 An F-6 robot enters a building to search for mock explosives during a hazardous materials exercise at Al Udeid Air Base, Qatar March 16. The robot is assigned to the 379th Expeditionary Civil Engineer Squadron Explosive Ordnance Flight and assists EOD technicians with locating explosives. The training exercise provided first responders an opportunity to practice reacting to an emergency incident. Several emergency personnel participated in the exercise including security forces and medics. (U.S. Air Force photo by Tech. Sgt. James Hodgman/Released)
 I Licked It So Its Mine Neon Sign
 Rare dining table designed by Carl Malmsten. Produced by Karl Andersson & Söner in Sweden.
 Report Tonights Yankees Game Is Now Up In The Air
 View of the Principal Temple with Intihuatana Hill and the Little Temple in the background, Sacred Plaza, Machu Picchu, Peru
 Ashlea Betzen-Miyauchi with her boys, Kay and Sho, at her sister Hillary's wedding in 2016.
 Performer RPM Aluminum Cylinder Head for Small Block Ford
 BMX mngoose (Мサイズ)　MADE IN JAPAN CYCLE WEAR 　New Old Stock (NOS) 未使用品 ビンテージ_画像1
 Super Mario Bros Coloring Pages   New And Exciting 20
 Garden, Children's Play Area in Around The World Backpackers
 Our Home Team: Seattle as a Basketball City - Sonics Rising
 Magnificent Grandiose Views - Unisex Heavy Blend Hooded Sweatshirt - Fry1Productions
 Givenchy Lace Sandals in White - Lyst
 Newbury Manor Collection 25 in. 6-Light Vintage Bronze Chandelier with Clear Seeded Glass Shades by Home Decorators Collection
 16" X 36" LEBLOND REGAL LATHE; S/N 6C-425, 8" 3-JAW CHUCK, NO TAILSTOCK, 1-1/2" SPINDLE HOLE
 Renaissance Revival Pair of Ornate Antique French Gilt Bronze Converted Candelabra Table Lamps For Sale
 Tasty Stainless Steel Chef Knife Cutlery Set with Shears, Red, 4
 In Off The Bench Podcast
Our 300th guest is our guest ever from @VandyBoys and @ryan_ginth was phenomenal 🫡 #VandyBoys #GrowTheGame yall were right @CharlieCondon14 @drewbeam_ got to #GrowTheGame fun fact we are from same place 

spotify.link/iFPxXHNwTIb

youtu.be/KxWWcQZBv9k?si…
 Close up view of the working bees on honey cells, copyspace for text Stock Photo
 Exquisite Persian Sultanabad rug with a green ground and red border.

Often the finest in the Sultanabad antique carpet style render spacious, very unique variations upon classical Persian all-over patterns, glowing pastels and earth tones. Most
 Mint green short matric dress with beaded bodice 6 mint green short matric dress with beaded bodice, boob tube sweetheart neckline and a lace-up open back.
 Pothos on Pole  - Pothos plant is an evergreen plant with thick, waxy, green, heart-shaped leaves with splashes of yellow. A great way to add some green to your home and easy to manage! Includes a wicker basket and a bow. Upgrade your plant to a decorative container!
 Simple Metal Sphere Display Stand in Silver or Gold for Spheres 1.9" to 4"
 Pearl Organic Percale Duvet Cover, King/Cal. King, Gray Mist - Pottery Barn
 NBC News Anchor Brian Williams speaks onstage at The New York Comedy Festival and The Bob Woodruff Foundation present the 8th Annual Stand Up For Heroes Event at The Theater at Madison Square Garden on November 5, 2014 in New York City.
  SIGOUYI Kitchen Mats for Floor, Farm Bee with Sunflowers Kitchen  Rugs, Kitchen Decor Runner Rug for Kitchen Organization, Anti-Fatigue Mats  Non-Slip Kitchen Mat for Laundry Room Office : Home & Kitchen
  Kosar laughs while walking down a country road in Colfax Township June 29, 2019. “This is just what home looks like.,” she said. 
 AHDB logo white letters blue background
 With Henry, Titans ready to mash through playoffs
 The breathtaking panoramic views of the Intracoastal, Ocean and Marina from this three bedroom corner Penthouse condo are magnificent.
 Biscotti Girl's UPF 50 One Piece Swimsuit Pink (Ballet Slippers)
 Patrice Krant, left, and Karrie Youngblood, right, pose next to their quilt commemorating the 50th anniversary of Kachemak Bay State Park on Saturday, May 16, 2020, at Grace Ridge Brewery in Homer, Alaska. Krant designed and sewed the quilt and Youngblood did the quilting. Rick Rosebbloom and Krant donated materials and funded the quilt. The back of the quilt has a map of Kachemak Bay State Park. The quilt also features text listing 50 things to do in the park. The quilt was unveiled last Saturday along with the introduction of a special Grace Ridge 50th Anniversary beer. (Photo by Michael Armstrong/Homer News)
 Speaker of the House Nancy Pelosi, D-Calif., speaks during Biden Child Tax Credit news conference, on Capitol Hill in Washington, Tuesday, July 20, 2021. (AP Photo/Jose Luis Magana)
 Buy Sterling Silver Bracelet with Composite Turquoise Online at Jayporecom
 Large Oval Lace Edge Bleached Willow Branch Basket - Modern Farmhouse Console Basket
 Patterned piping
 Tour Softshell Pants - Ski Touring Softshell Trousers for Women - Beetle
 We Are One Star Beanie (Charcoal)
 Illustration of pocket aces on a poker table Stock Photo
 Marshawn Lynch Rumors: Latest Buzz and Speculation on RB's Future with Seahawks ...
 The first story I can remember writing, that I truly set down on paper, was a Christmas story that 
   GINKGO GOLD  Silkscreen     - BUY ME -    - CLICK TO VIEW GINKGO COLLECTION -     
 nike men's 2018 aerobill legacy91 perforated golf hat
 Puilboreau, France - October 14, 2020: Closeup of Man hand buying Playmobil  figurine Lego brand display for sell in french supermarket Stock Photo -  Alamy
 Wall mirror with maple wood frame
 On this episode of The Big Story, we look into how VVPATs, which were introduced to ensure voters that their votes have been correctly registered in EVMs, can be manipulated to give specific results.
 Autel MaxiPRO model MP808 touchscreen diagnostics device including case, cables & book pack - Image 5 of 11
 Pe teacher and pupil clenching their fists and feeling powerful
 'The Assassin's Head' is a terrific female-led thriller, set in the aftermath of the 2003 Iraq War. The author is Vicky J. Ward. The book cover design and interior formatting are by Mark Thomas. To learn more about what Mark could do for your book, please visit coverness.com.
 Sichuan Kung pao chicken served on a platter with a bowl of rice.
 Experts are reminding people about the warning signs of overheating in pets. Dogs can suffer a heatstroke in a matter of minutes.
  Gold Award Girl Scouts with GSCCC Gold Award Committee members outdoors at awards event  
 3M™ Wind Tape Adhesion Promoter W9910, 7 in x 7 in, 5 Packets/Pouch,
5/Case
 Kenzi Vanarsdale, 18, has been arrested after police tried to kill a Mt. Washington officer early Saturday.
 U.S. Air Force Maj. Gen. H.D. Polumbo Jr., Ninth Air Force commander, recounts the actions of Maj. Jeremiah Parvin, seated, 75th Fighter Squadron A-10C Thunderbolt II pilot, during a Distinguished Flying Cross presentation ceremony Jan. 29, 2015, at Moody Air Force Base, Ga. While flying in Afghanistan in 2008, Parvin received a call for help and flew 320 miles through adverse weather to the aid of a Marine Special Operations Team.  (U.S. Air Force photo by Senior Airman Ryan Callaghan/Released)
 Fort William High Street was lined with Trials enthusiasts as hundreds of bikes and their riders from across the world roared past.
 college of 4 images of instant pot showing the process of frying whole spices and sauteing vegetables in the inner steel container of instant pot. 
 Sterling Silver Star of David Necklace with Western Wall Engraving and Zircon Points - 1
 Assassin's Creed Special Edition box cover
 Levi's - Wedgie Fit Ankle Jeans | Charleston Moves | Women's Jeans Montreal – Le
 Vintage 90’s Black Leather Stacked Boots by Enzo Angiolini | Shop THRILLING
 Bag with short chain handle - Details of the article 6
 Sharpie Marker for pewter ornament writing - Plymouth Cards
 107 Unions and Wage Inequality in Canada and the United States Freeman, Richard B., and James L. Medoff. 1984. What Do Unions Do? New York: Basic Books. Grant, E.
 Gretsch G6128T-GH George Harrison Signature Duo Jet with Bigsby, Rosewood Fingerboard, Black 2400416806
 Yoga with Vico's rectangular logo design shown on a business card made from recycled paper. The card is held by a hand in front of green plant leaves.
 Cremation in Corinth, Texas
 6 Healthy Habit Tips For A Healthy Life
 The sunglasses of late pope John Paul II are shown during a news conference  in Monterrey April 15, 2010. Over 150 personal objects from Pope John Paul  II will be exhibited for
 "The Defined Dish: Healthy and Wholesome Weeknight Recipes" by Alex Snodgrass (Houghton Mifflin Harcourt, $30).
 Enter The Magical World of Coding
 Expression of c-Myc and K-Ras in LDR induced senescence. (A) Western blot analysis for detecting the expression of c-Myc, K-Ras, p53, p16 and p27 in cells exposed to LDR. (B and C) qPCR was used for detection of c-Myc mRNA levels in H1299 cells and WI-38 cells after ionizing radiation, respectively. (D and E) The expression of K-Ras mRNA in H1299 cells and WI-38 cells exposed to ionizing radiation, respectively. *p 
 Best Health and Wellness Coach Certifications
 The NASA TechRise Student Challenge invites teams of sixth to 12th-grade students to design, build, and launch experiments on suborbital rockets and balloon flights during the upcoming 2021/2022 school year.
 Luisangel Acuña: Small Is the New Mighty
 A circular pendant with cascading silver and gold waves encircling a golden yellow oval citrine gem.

_ _ _

▶ Problem description
Please give back exactly the lines of this listing beginning at the line with "Tasty Stainless Steel" and ending with the line with "Exquisite Persian Sultanabad", both included, and nothing else.

▶ Solution to this problem
 Tasty Stainless Steel Chef Knife Cutlery Set with Shears, Red, 4
 In Off The Bench Podcast
Our 300th guest is our guest ever from @VandyBoys and @ryan_ginth was phenomenal 🫡 #VandyBoys #GrowTheGame yall were right @CharlieCondon14 @drewbeam_ got to #GrowTheGame fun fact we are from same place 

spotify.link/iFPxXHNwTIb

youtu.be/KxWWcQZBv9k?si…
 Close up view of the working bees on honey cells, copyspace for text Stock Photo
 Exquisite Persian Sultanabad rug with a green ground and red border.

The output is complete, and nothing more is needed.